- Directed by: Michael Anderson
- Screenplay by: John Varley
- Based on: "Air Raid" by John Varley
- Produced by: John M. Eckert; Freddie Fields; John C. Foreman; Louis M. Silverstein;
- Starring: Kris Kristofferson; Cheryl Ladd; Daniel J. Travanti;
- Cinematography: Rene Ohashi
- Edited by: Ron Wisman
- Music by: Eric N. Robertson
- Production company: Gladden Entertainment
- Distributed by: 20th Century Fox
- Release date: August 25, 1989;
- Running time: 108 minutes
- Country: United States
- Language: English
- Box office: $5.8 million

= Millennium (film) =

1989 science fiction drama film by Michael Anderson

Millennium is a 1989 science fiction drama film directed by Michael Anderson and starring Kris Kristofferson, Cheryl Ladd, Robert Joy, Brent Carver, Al Waxman and Daniel J. Travanti.

The film follows an air crash investigator who discovers strange details while investigating a recent crash. A woman is sent back to his time from the future to try to derail his investigation before he uncovers their secret.

Millennium is based on the 1977 short story "Air Raid" by John Varley.
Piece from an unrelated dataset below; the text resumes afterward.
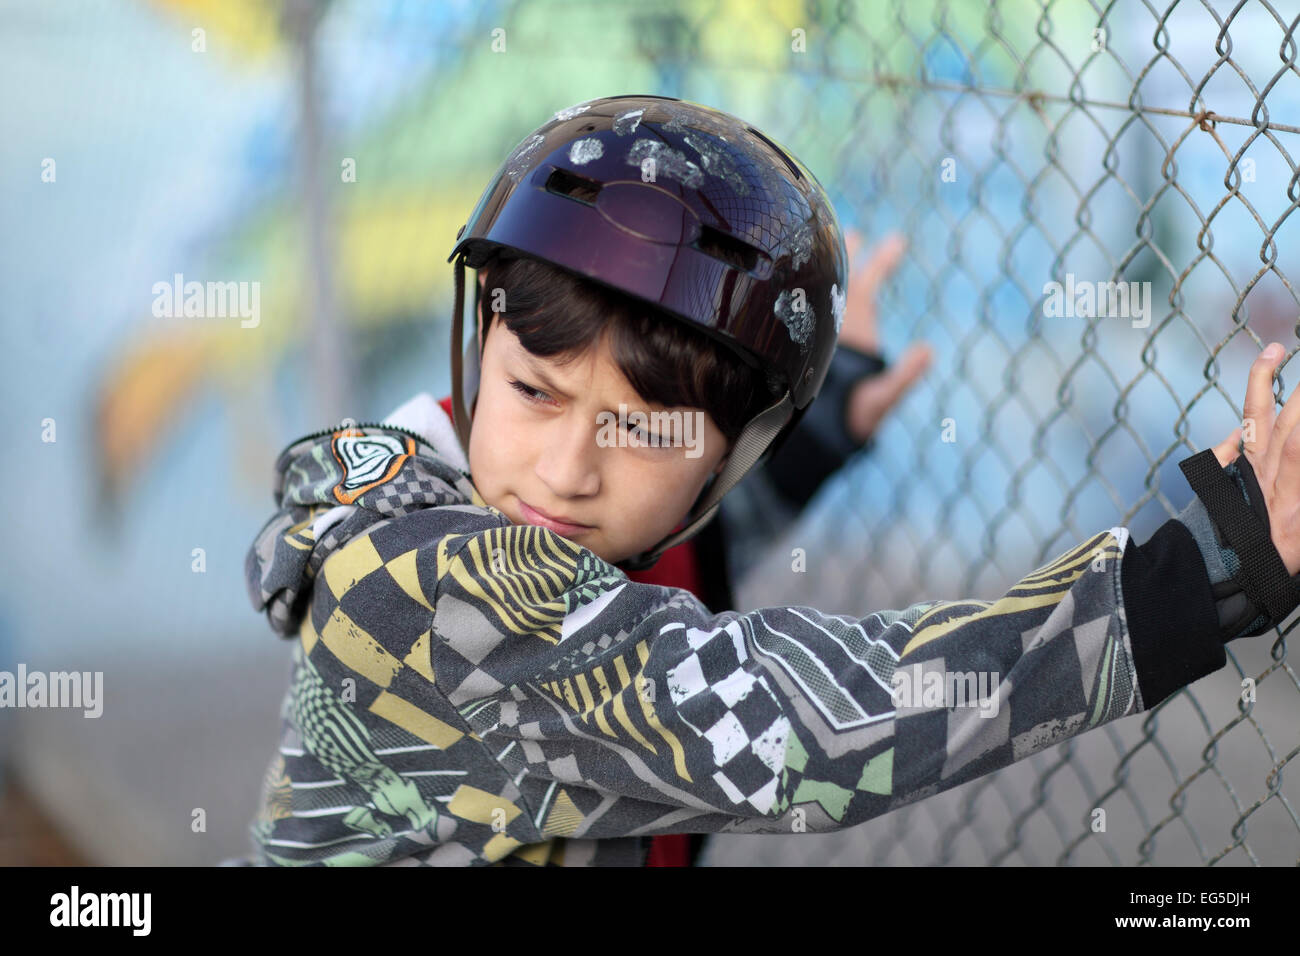 Young boy in skateboard helmet Stock Photo

Varley started work on a screenplay in 1979, and released the expanded story in book-length form in 1983 as Millennium.

== Plot ==
In 1989, while on its landing approach, a commercial airliner is about to be struck by another plane from above. The pilot struggles to control the plane while the flight engineer checks the passenger cabin. He returns to the cockpit yelling that everyone is dead and the corpses are burned.

National Transportation Safety Board investigator Bill Smith investigates the accident. He and his team are confused by the flight engineer's words on the cockpit voice recorder, as there is no evidence of a fire before the crash. Meanwhile, theoretical physicist Dr. Arnold Mayer is also curious about the crash, which borders on science fiction. In a lecture, he discusses the possibility of visits from time travelers.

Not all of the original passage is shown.